Page 90 of Traitor

I clapped my hand on his shoulder roughly and nodded. “Thanks, man.” It was as deep as either one of us was ever going to venture without growing a vagina.

“So, the handcuffs?”

I sighed. “What would you say if I told you that Lauren and I have been on and off since last June? Or that we’d been living together up until last month?”

His face screwed up in confusion. “What the fuck? Are you serious?”

I nodded and told him everything from the last six years—how I sold my soul to the devil the morning after meeting an angel. How I got her mom killed and ultimately lost her. It seemed like I talked for hours, finally feeling like I was coming up for air by the time I reached the end of it.

“Wow.” David kept shaking his head. “Jesus.”

I leaned forward until my arms were on my legs, matching his stance. “Tell me about it. I was actually dumb enough to believe that I could keep her cuffed to the bed until she started listening to reason.”

“Well, I would say you’re tied for the stupidity award with that and the fact that you thought now was a good time to propose,” David said with a grim smile.

The breeze whistled as it moved through the orchard, cooling our skin, yet not clearing my head one damn bit. “So, I just let her go?”

David bent down and picked a blade of grass, splitting it between his fingers, completely lost in thought. “I can’t answer that for you. If you and the club didn’t have anything to do with what happened to her mom, then eventually, she’s going to see the truth. What about the shit with your dad?”

I pinched the bridge of my nose and sighed. “My whole life, I wanted nothing more than to be Jamie Quinn’s kid. Now that I know I am, it just fucking complicates everything. So, I’m not the son of a sociopath. I’m just the son of a man who was too much of a pussy to acknowledge me. It’s not much better.”

“The one thing I can’t figure out is how Lauren knew.” He began twisting the grass around his finger like a ring, the carpenter in him building something out of nothing. If I tried, I’d just end up with grass stains on my hands.

“She said it was his mannerisms.” We slipped back into silence and I wondered if there was anyone else on the planet who knew me as well as she did—if there was anyone who would ever know.

“Well, I think you know what to do,” he said as he dropped the grass and stood up.

“I do?”

David nodded. “Yeah, you’re good at thinking on your feet—always have been. Let me just say that nothing is impossible to overcome. I’m living proof of that. Just give her some space, but don’t stop chasing her—even after you catch her. Don’t make the same mistakes I did.”

I laughed. “David, I don’t think anybody’s stupid enough to make the same mistakes as you. Like how hard is it to not put your dick in her best friend?”

He cuffed me upside the head. “How hard is it to not keep kidnapping women and proposing to them?”

“Touché, asshole.”

I stood up and stretched before following him back toward the inn.

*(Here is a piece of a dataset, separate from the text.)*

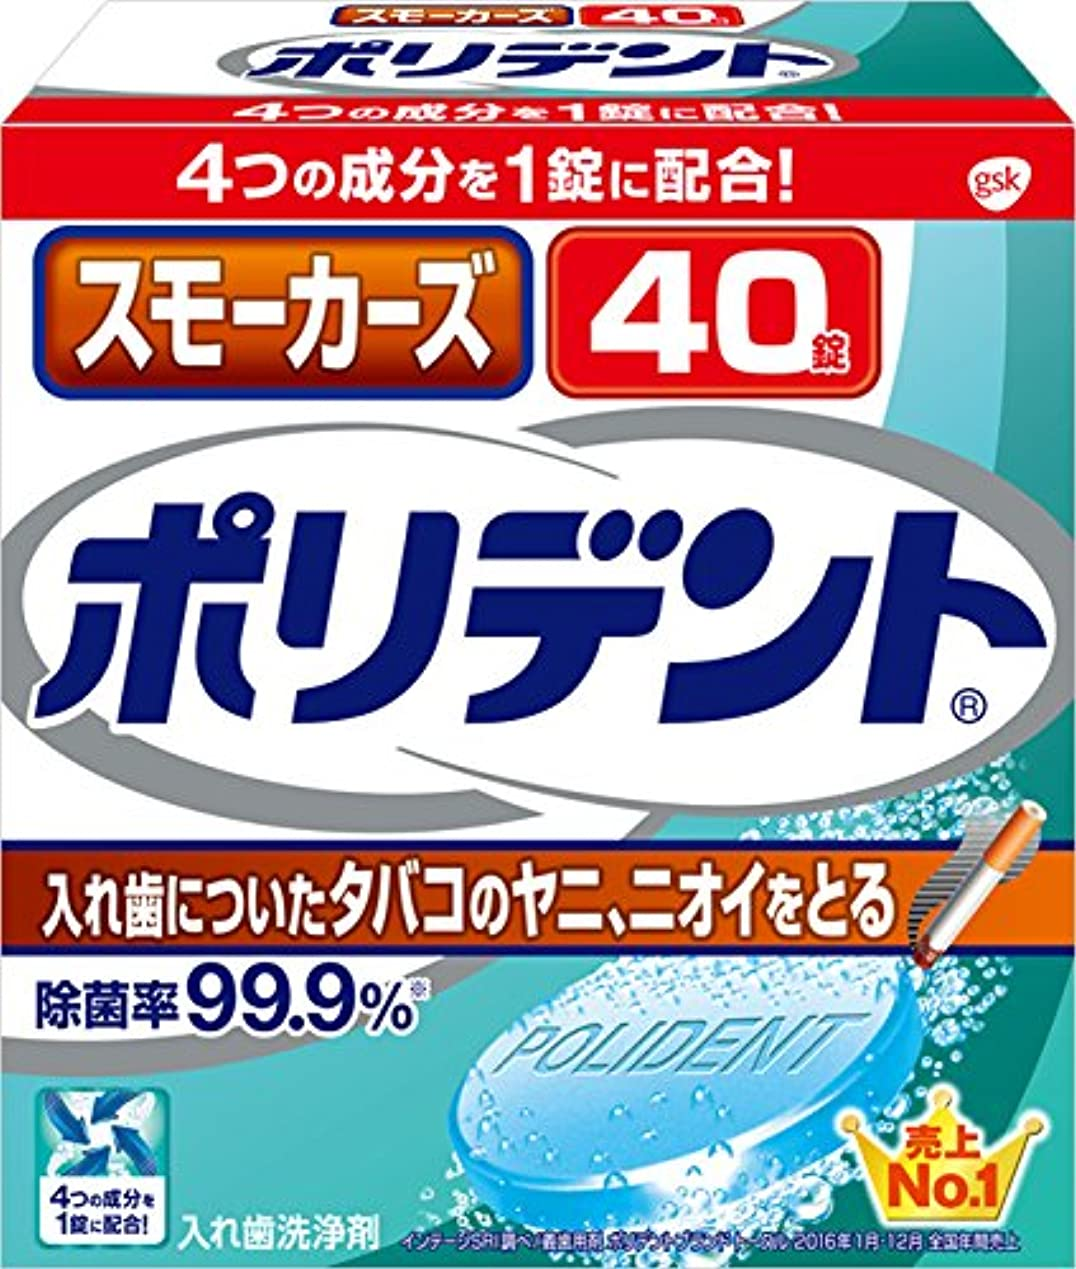 恐れパンサーエキゾチック入れ歯洗浄剤 スモーカーズ ポリデント 40錠
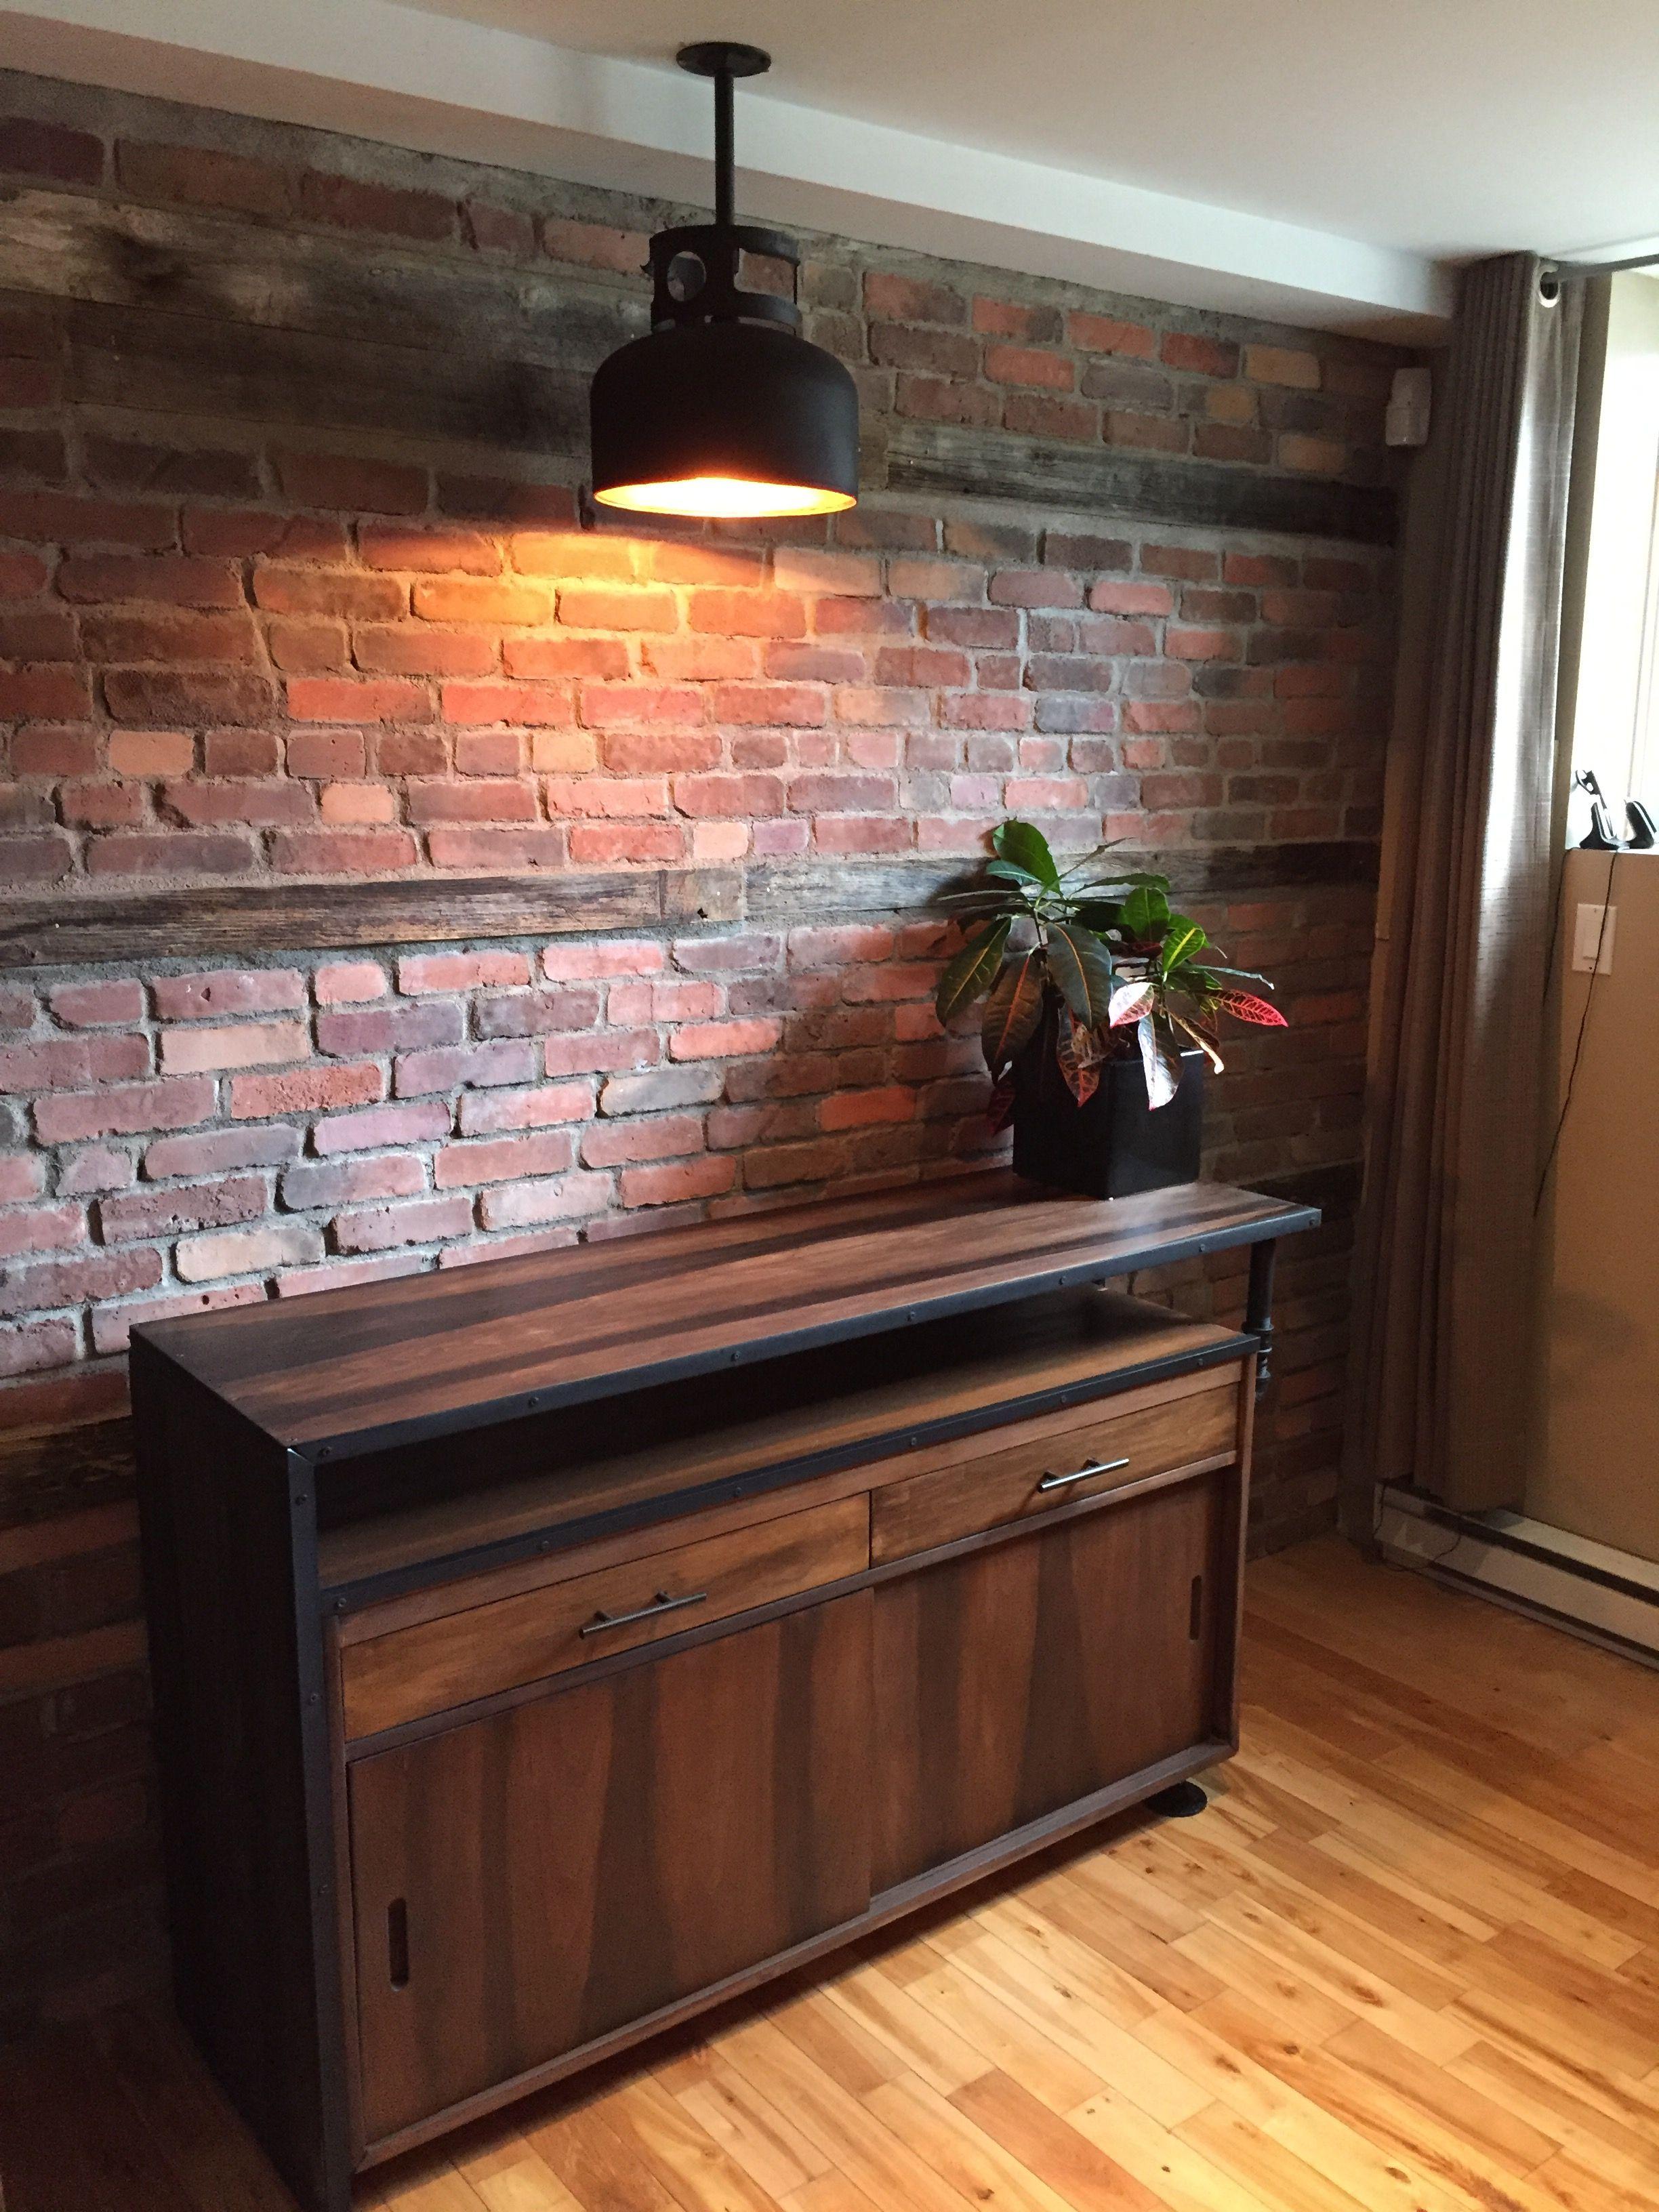 commode industrielle meubles unik pinterest commode industrielle commodes et industriel. Black Bedroom Furniture Sets. Home Design Ideas

I was going to give her the space she needed, while working to find the real killer.

David and I parted in the upstairs hallway as Elizabeth came around the corner. She gave him a small smile and nodded, before looping her arm through his, letting him lead her back toward their room. He winked at her in return and I found that I hadn’t understood a bit of their exchange.

“What’s with all the secret codes?”

“See you later, Mike,” she called cheerfully over her shoulder to me.

I stood in the same spot. “That doesn’t answer my question. Are y’all really just leaving like that?”

David paused and looked back at me. “I’m kid-free for the next two hours, so unless you have some life-threatening emergency, go the fuck back to your room.”

I flipped him off and rounded the corner toward the room. I knew that Lauren would be long gone, but I planned on spending the next few hours before check-out working on the case and trying not to think about all the ways I’d let her down.

Maybe it’d keep my mind off of Grey too.

I slid the key card in and waited until it flashed green before swinging the door wide open. Lauren was back in her dress from the night before, staring out the window.

“Hey,” I said quietly. “I wasn’t sure you’d still be here.”

She turned around and nodded. “Yeah. I dropped a bombshell on you and I didn’t want to leave until I knew you were okay. I would’ve come after you, but I was cuffed to the bed.”